Hi @Morgan-McCarthy ,

Thanks for the update! I am reopening the issue as problem still persists in 0.940. We'll look into it and keep you posted.

Thanks for your patience and contribution!

Best, Isin

ThibauldMichel commented 1 year ago

Hello, unfortunately I have encountered the same issue with angsd version 0.933.

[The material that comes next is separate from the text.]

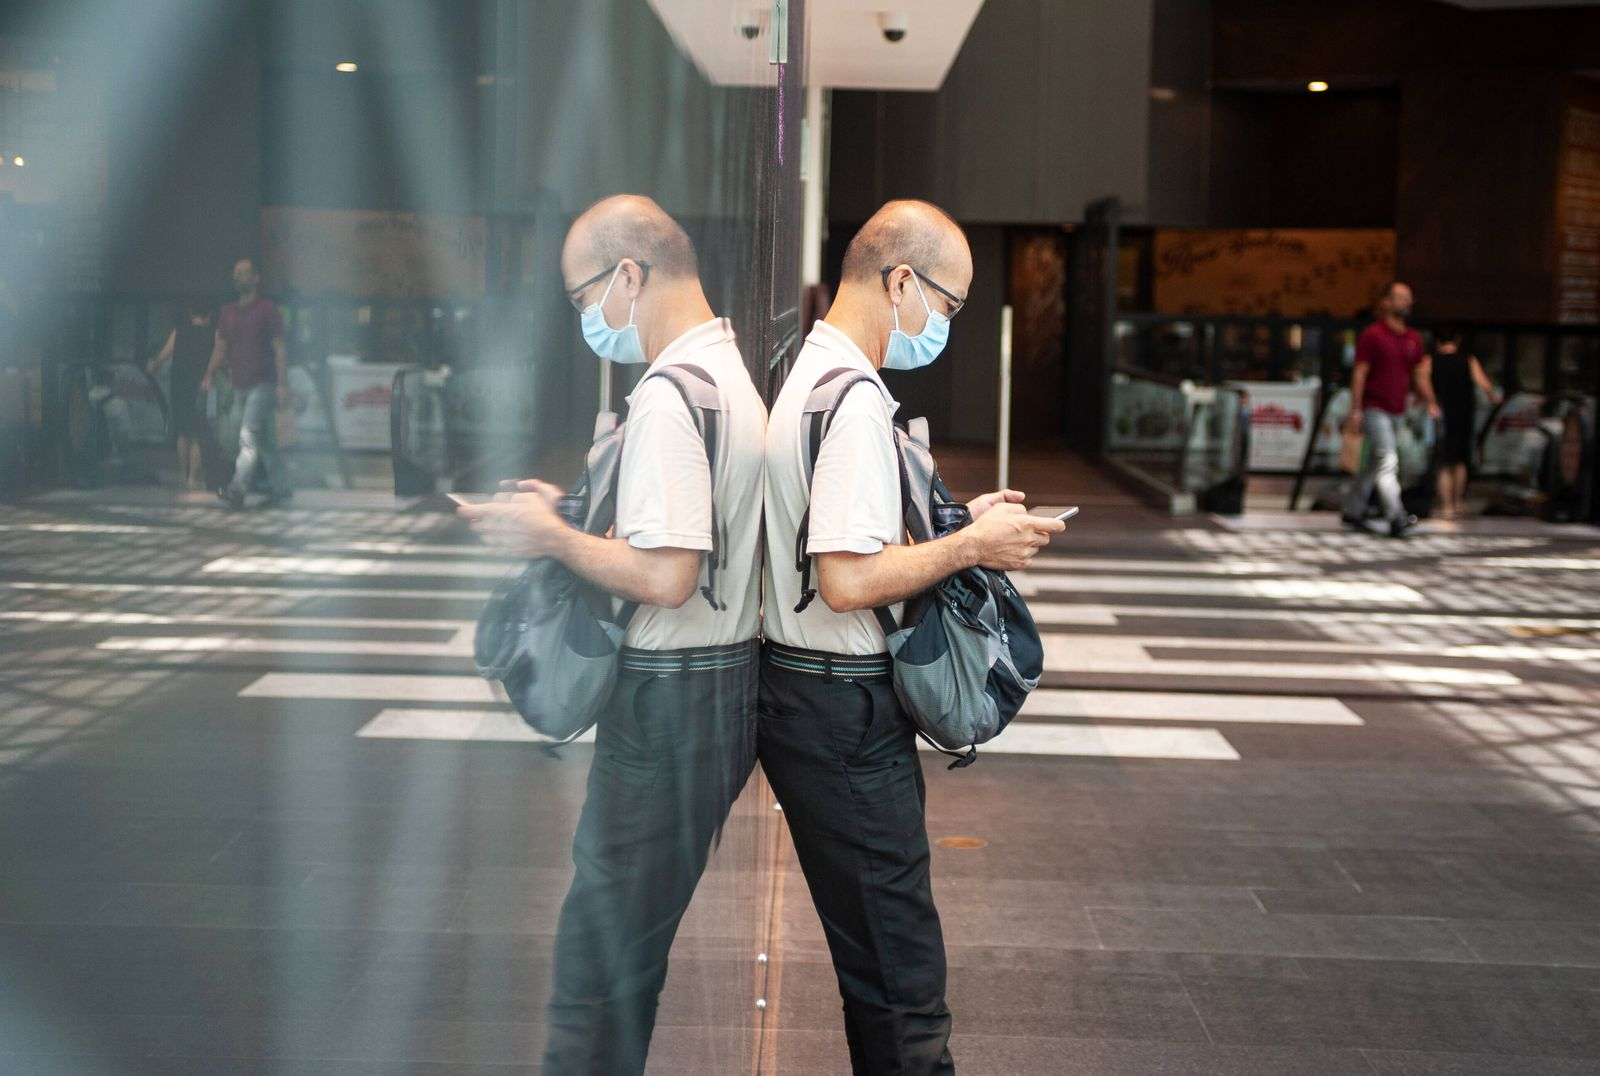 02.04.2020, Singapur, Republik Singapur, Asien - Ein Mann starrt im Raffles City Einkaufszentrum auf sein Handy und trae
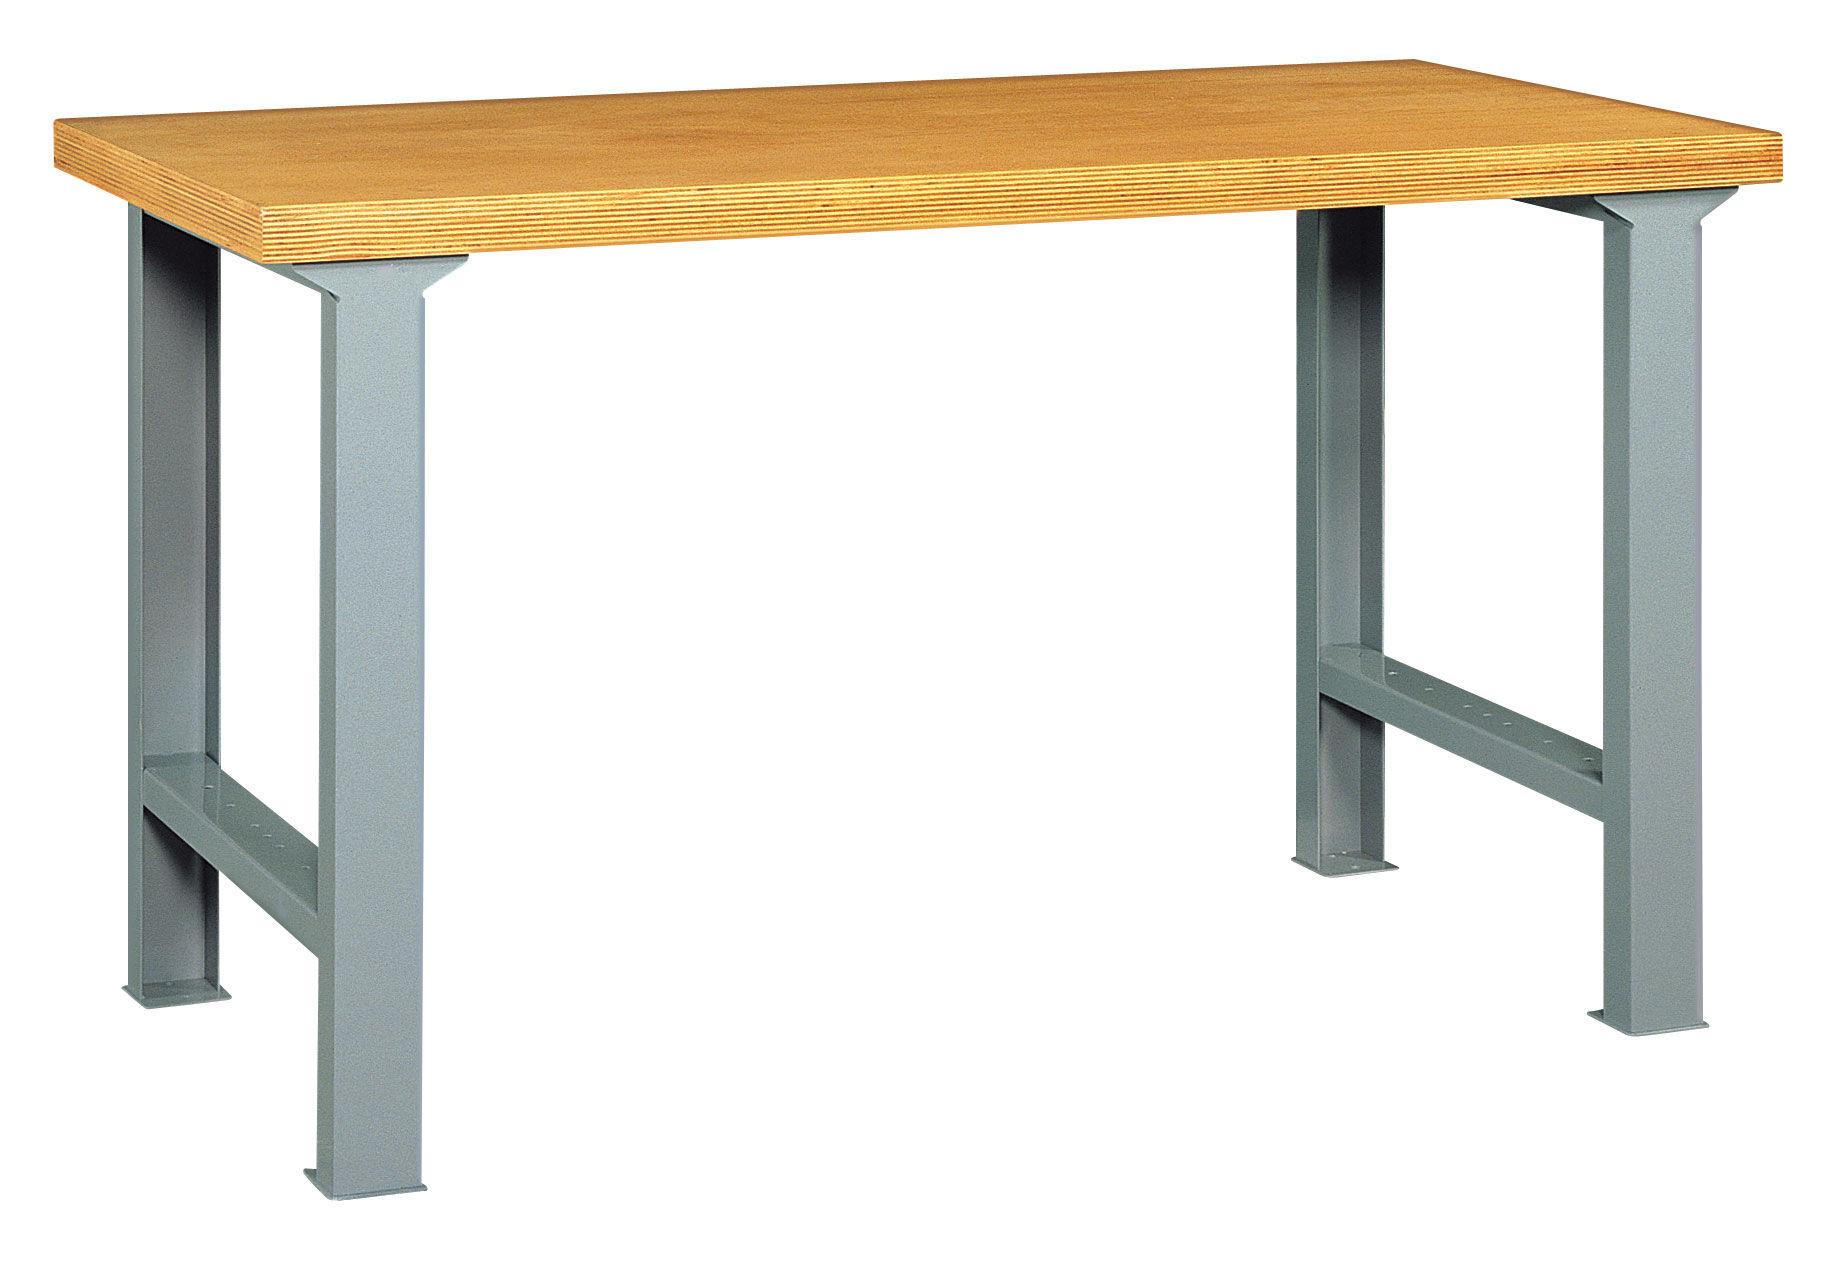 SETAM Etabli d'atelier bois et métal longueur 2500

angsd -GL -vcf-pl "$path"/data/GVCF_SNPs_subset.vcf.gz -out "$path"/data/png_genotype_likelihood_subset

    -> angsd version: 0.933 (htslib: 1.9) build(May  6 2020 21:25:11)
    -> VCF still beta. Remember that
       1. indels are are discarded
       2. will use chrom, pos PL columns
       3. GL tags are interpreted as log10 and are scaled to ln (NOT USED)
       4. GP tags are interpreted directly as unscaled post probs (spec says phredscaled...) (NOT USED)
       5. FILTER column is currently NOT used (not sure what concensus is)
       6. -sites does NOT work with vcf input but -r does
       7. vcffilereading is still BETA, please report strange behaviour

    -> No indel tag in vcf/bcf file, will therefore not be able to filter out indels

/var/spool/slurm/job6226462/slurm_script: line 6: 2296313 Segmentation fault (core dumped) angsd -GL -vcf-pl "$path"/data/GVCF_SNPs_subset.vcf.gz -out "$path"/data/png_genotype_likelihood_subset

GVCF_SNPs_subset.vcf.gz

rillaxy commented 1 year ago

这是来自QQ邮箱的假期自动回复邮件。   您好,我已经收到您的邮件,祝生活幸福!

rillaxy commented 9 months ago

这是来自QQ邮箱的假期自动回复邮件。   您好,我已经收到您的邮件,祝生活幸福!